Василий просидел, не шевелясь, еще около часа. Свежий ветерок гулял под ивами, под которыми стояла скамейка. Автобус уже вернулся в город, а Василий все сидел. Он весь обратился в собственную кожу, которая только в нем и жила, и реагировала она только на этот ветерок, который один только во всем свете не мог причинить ему вреда. Он единственный оказался с ним в этот момент. Лишь он связывал парня в тот момент с реальностью, только благодаря ему, Вася знал, что еще жив.

Василий прошел пешком около двух километров до шоссе и на попутной машине вернулся в город.
Подходя к дому, он увидел Голову и Харлушу в компании двух девиц пэтэушного вида. Они направлялись в ресторан «Дружба». Было двадцатое число, и заведение оказалось переполненным – «шахтари» отмечали получку. Немолодые дядьки в цветастых рубахах и с подведенными угольной пылью глазами плясали яростно, смешав все стили: и гопак, и твист. Главное, сильнее топнуть и шире махнуть, да чтоб ребят рядом побольше было.
Под занавес стало ясно, что Василий самостоятельно передвигаться не может. Так что домой он прибыл на загривке грека Зайцева. Голова и девица покрепче подстраховывали их по бокам: самого носильщика тоже хорошо мотало и от тяжести Васиного тела, и от принятого этим вечером.
Всю следующую неделю хлопца колотил противный летний грипп. Мать была в ужасе, глядя на желтого, худого сына. Они с Вигом лечили его, ругая потерявшие прежний уровень отечественные курорты.

15.
К концу августа Вася вышел на работу, и все вошло в свою колею. С Надеждой установились ровные отношения, почти такие же, как раньше, только без частных встреч в общежитии. Он решил, что Надин ребус ему не по зубам. Ей же осложнять отношения с замом самой Слонихи тоже было не с руки.

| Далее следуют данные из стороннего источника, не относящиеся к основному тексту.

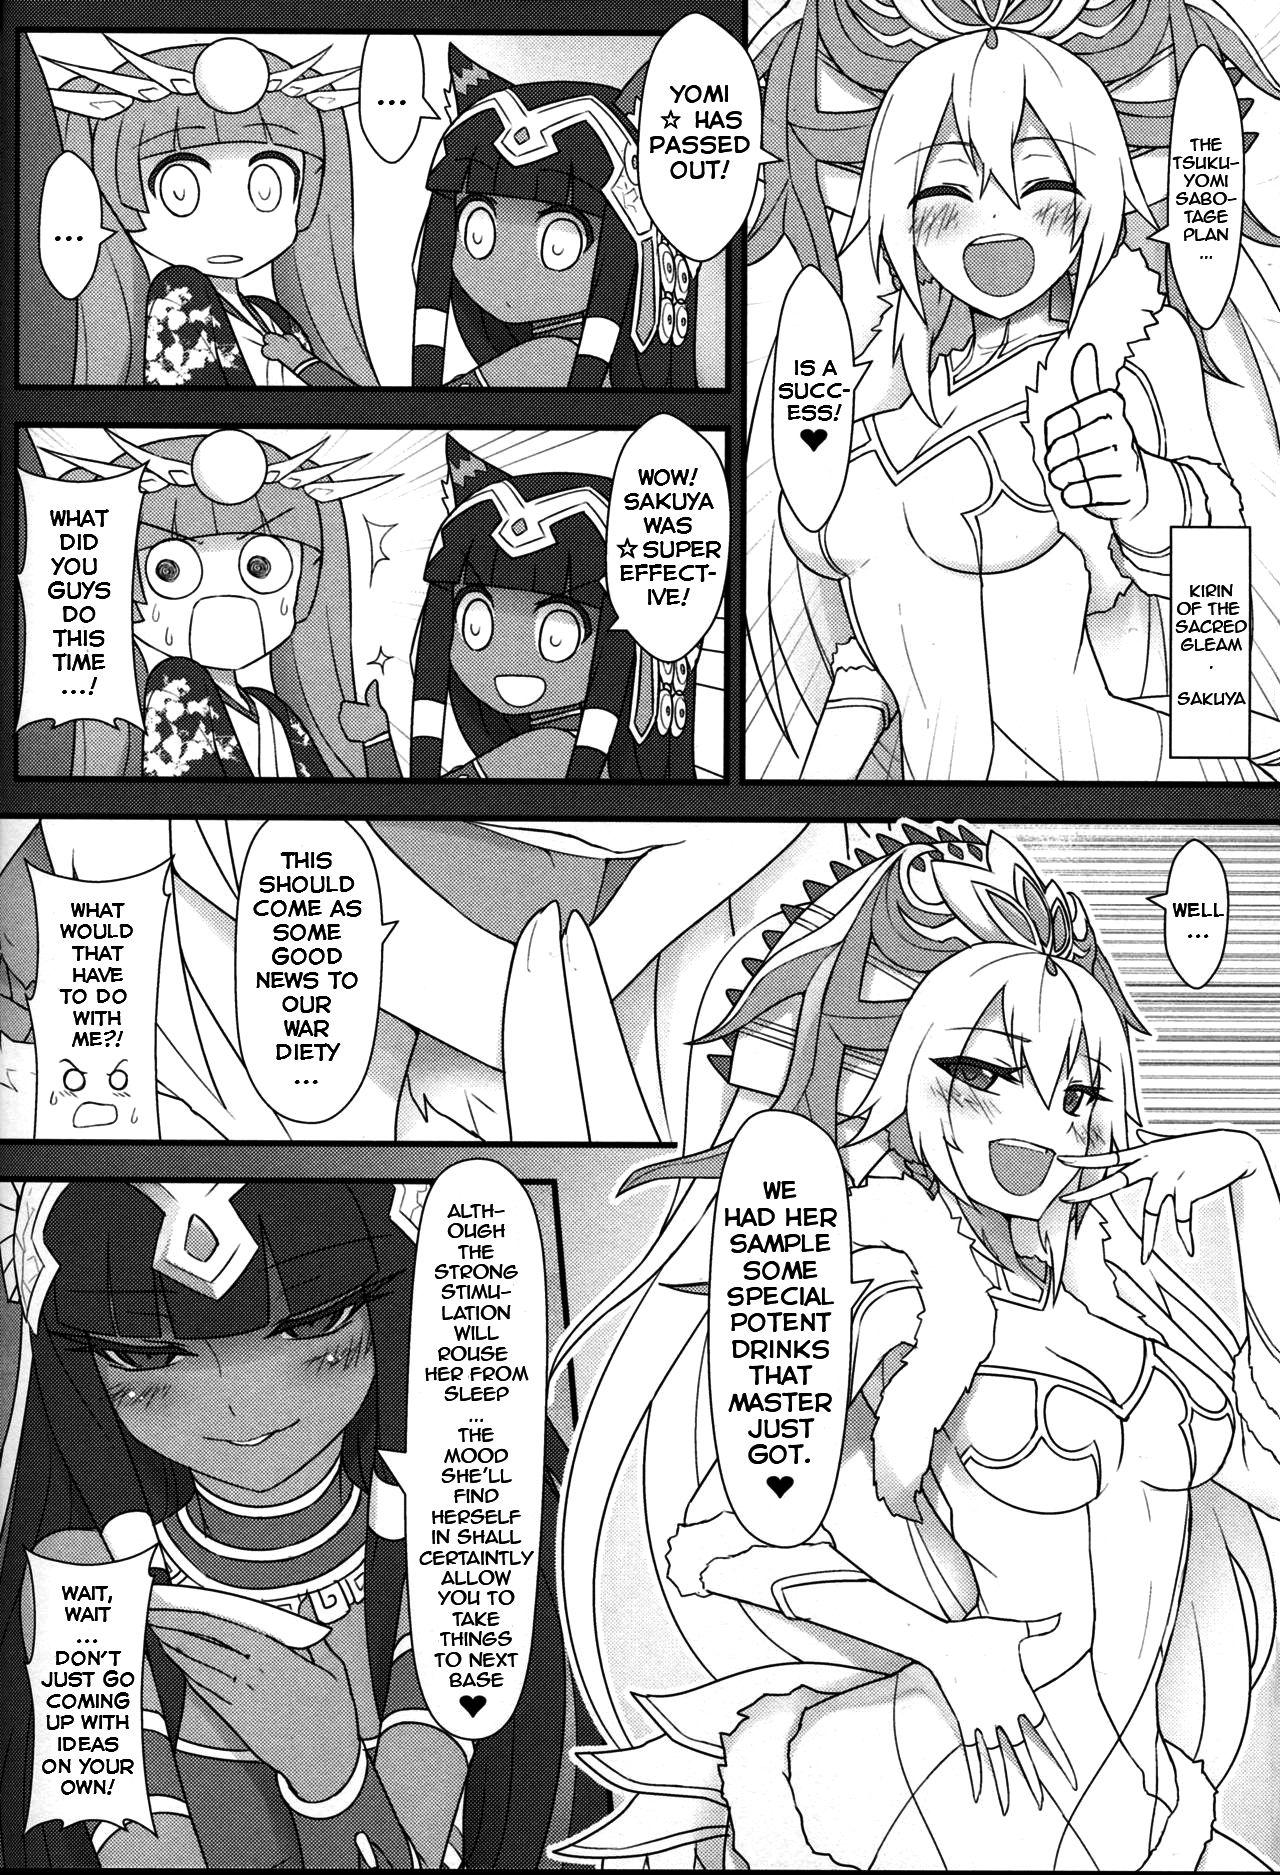 Hot PazuYomi! - Puzzle and dragons Hooker - Page 5

Василий завел себе новую компанию: при заводе был вычислительный центр. Там работали люди, с которыми можно было и о серьезном поговорить, и классно время провести. Среди них Василий выделял одного – Жеку Буракова. Тот был родом из глухой белорусской деревни, но отличался какой-то особенной, не приобретенной, а врожденной интеллигентностью, или даже аристократизмом. Вася шутил, что должно быть один из Радзивиллов охотился когда-то в тех лесах, и называл друга не иначе как «пан Жека».

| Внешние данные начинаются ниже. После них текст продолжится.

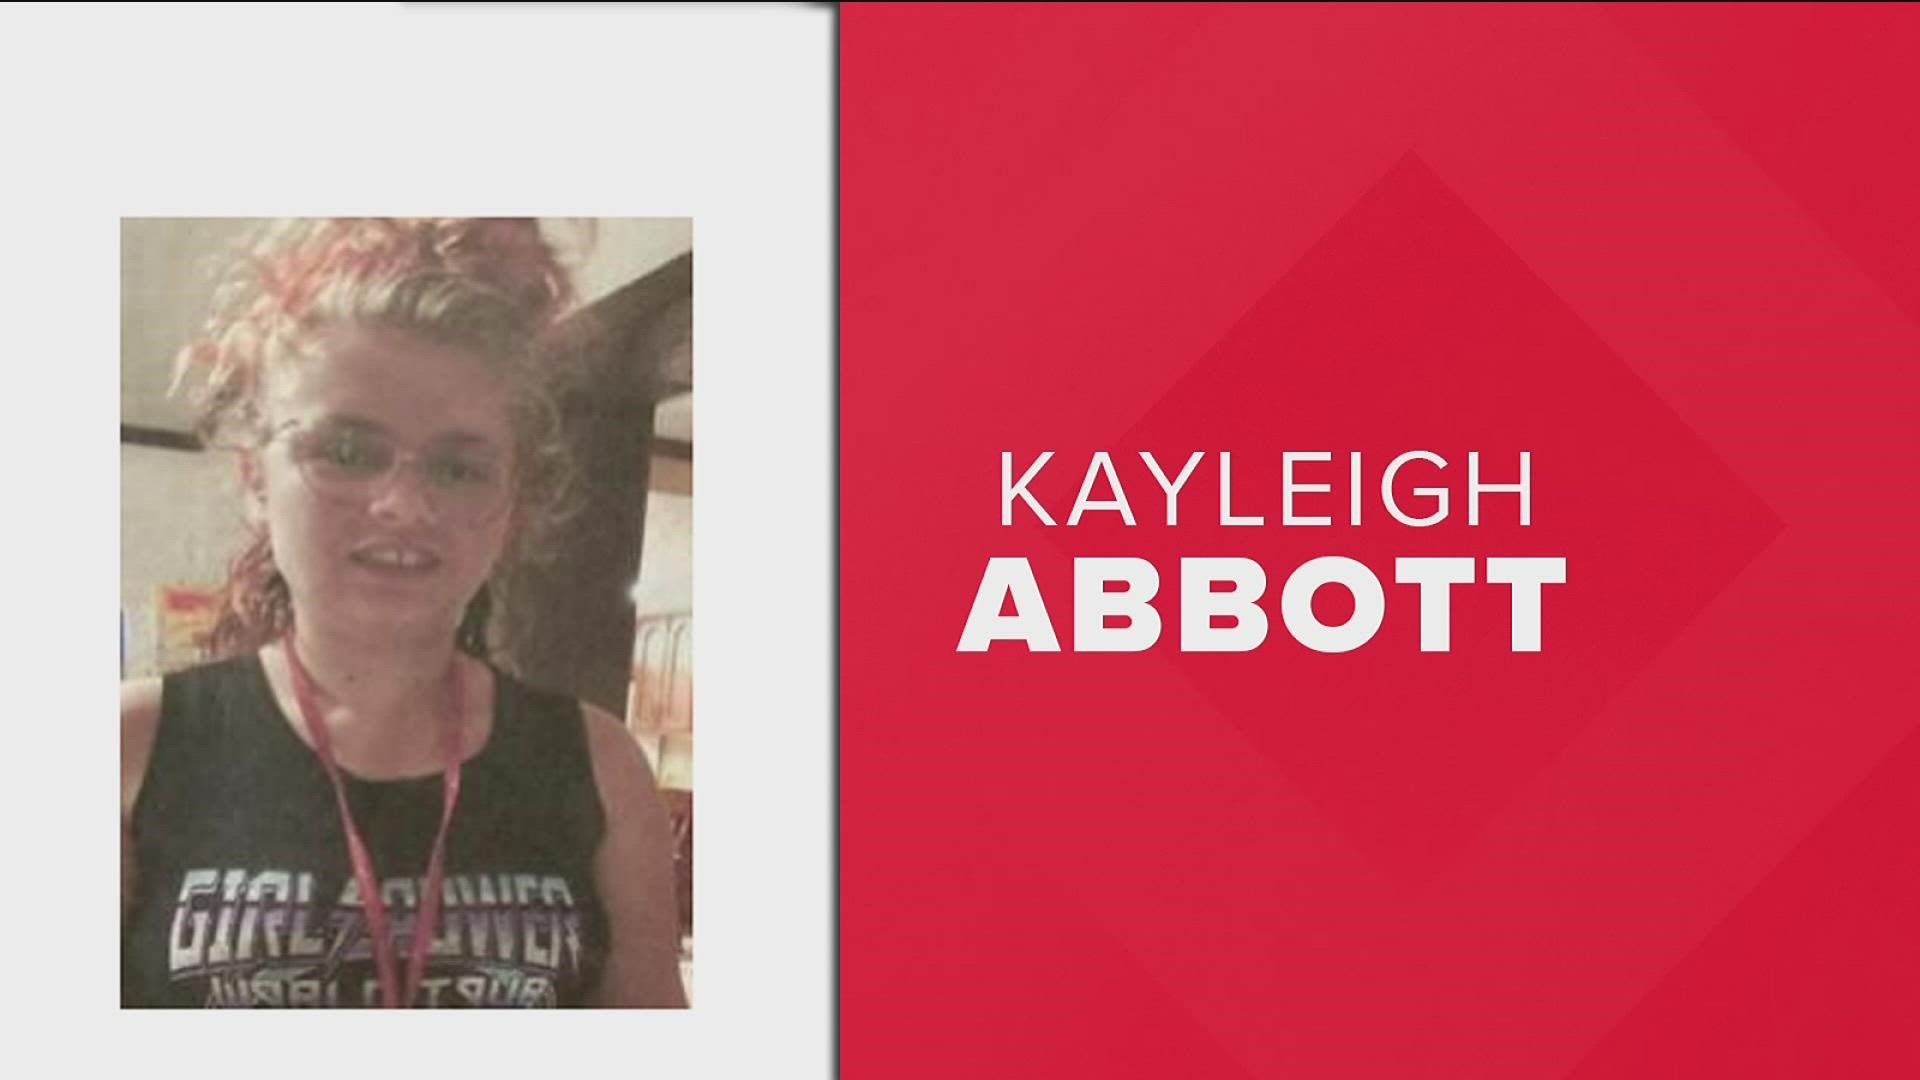 11Alive's Investigative team, The Reveal, has previously shared coverage of Kayleigh's story.

На политическом небосклоне вроде стало проясняться. И без того книголюбивый Вася проводил почти все время то за чтением новых будоражащих публикаций, то за их обсуждением в новой компании.
В это время у него случился экспресс-роман с программисткой Конюковой – маленькой, очкатой, с раздутым знаменателем собственной незаурядности. Не моргнув глазом, она могла отрекомендовать себя женщиной-творцом. К мужчинам относилась свысока.
– Вы все похотливые самцы, – вещала она, сверкая очками и дымя сигаретой.
Решение любых производственных задач превращалось с ее участием в обличение недоучек и утверждение ее профессионального эго. Другой ее фразой было: «Сначала я – математик, потом – женщина». Мужчины покидали ее, не выдержав силы ее амбиций. Василий так же вскоре перестал откликаться на призывы проводить домой после вечеринки.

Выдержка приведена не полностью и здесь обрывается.